Showing posts with label appreciation. Show all posts
Showing posts with label appreciation. Show all posts

Wednesday, June 11, 2014

Why My 20th High School Reunion Matters to Me

I'm going to be honest, I didn't love high school.


My birthday is at the end of October (but I was reading at a high school level as a first grader, so they started me in first grade when I was probably too young), so I was significantly younger than most of my classmates and never really felt like I fit in.  In fact, my closest friends in school were not in my class at all.

I always felt like my sense of humor, my sweet nature, and my ravishing beauty were lost on many of the people in my graduating class.  In large part, it's because I went through a pretty traumatic time in 6-8 grade when my parents were going through an extremely acrimonious divorce and I burned a lot of bridges and had a terrible attitude.
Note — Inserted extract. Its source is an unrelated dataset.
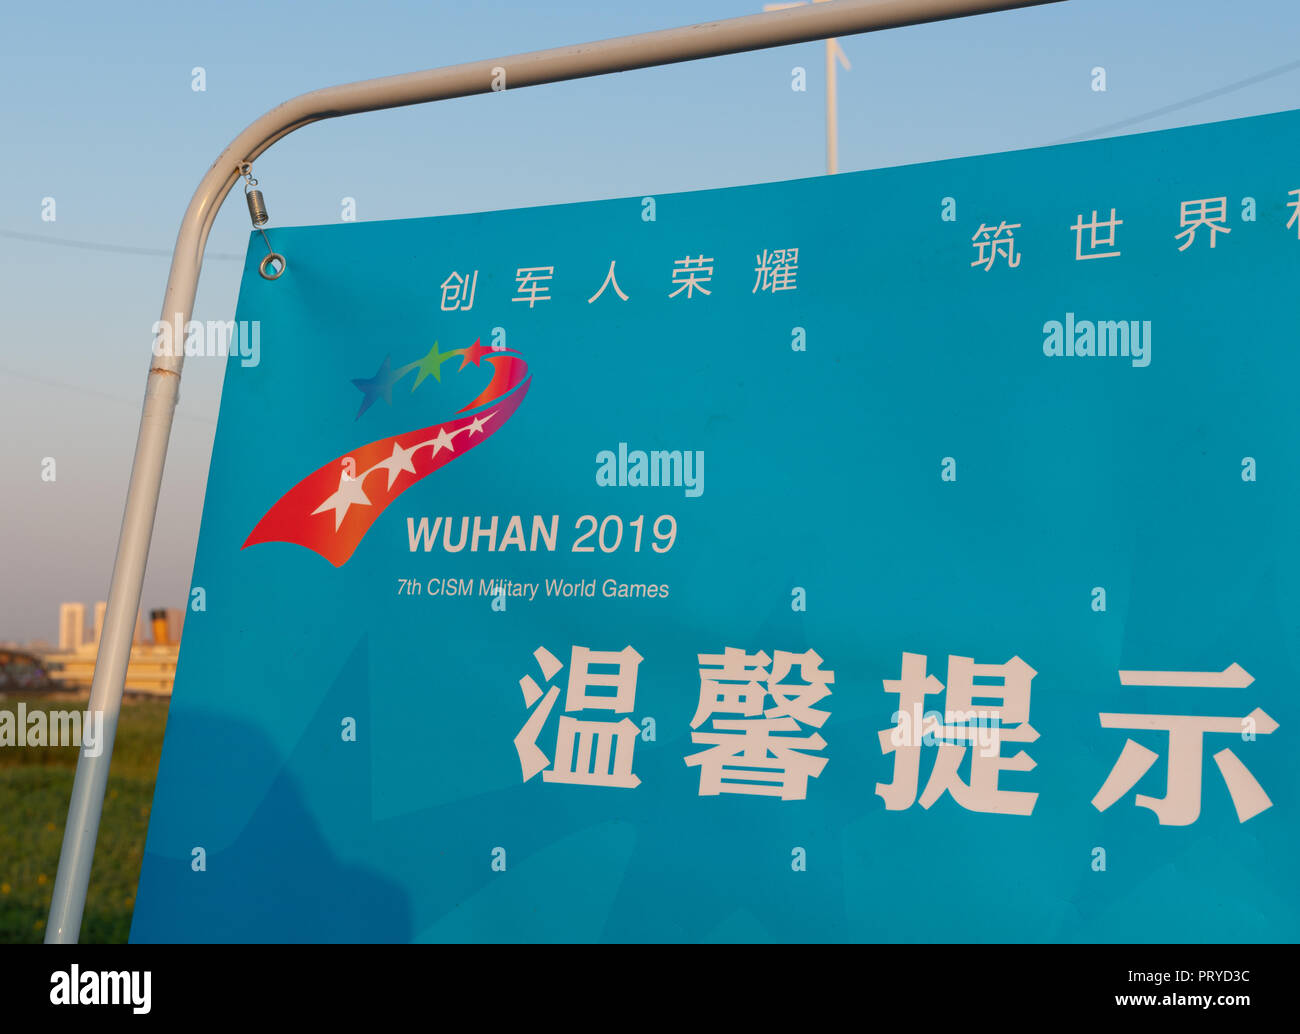 Vom 4. Oktober 2018, Wuhan China: Wuhan 2019 7th CISM Military World Games Emblem auf einem im Board Stockfoto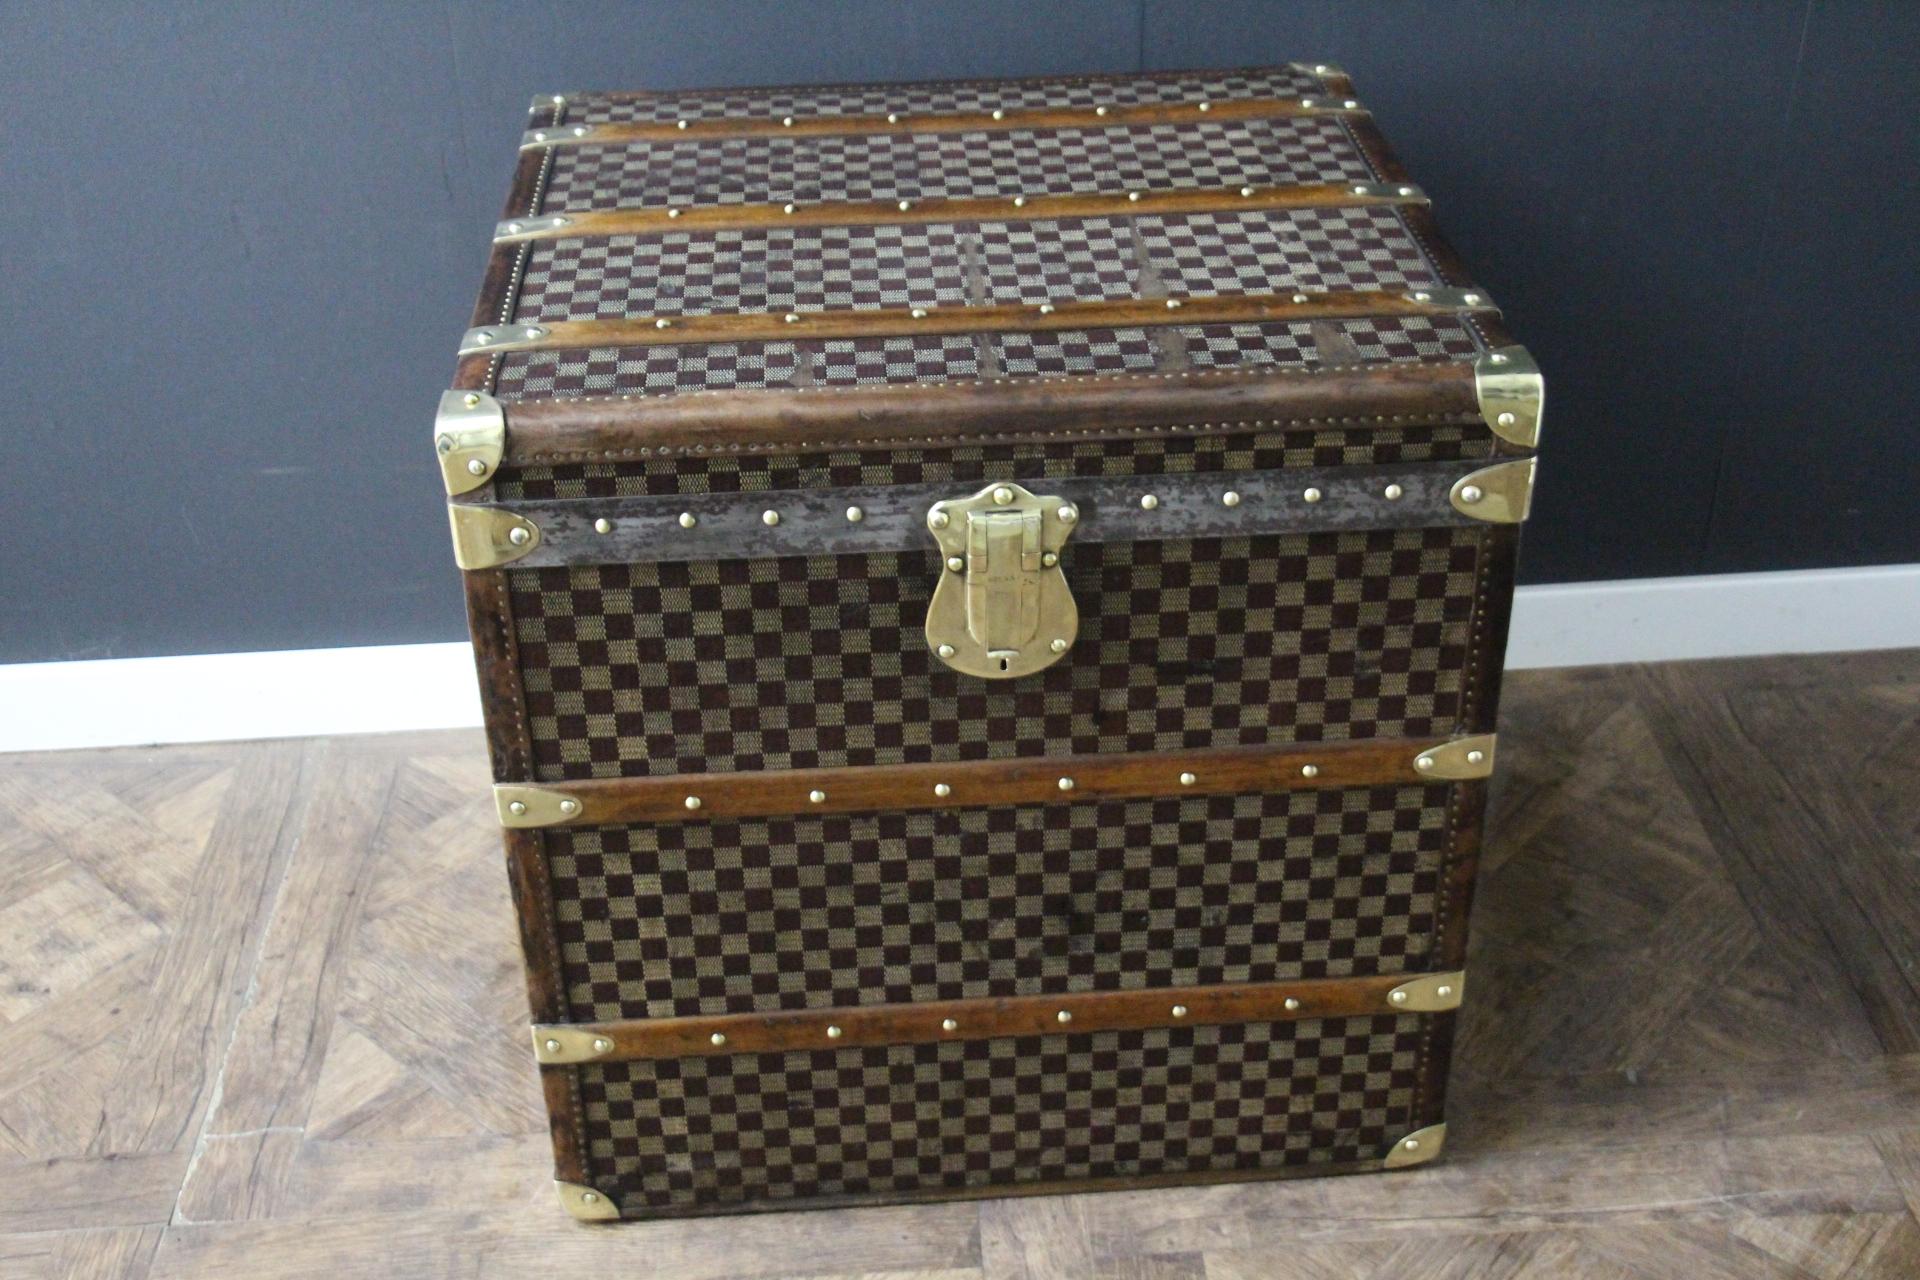 Diese schöne und sehr seltene Moynat Koffer verfügt über schöne Karos Leinwand, Schokolade Farbe Leder trimmen, große Leder Seitengriffe mit gestempelten Moynat Flansche und solide Messing gestempelt Moynat Schloss. Seine Patina ist wunderschön.

Anyway, I had no interest in reunions before this one.  I put on a lot of weight as a coping mechanism to a trauma that happened when I was twenty-one (my life has apparently been trauma-ridden ... I'm rarely bored, though ;-)), none of the people I wanted to hang out with would be there anyway, I was only a teacher and not some international world traveler or working for a Fortune 500 company, I didn't fit in with "those people", and blah blah blah. (Evidently my bad attitude followed me into adulthood)  

I kept waiting for someone to do something about the 20 year reunion, one of those people who seemed so on top of it in high school, who things seemed to come to so effortlessly.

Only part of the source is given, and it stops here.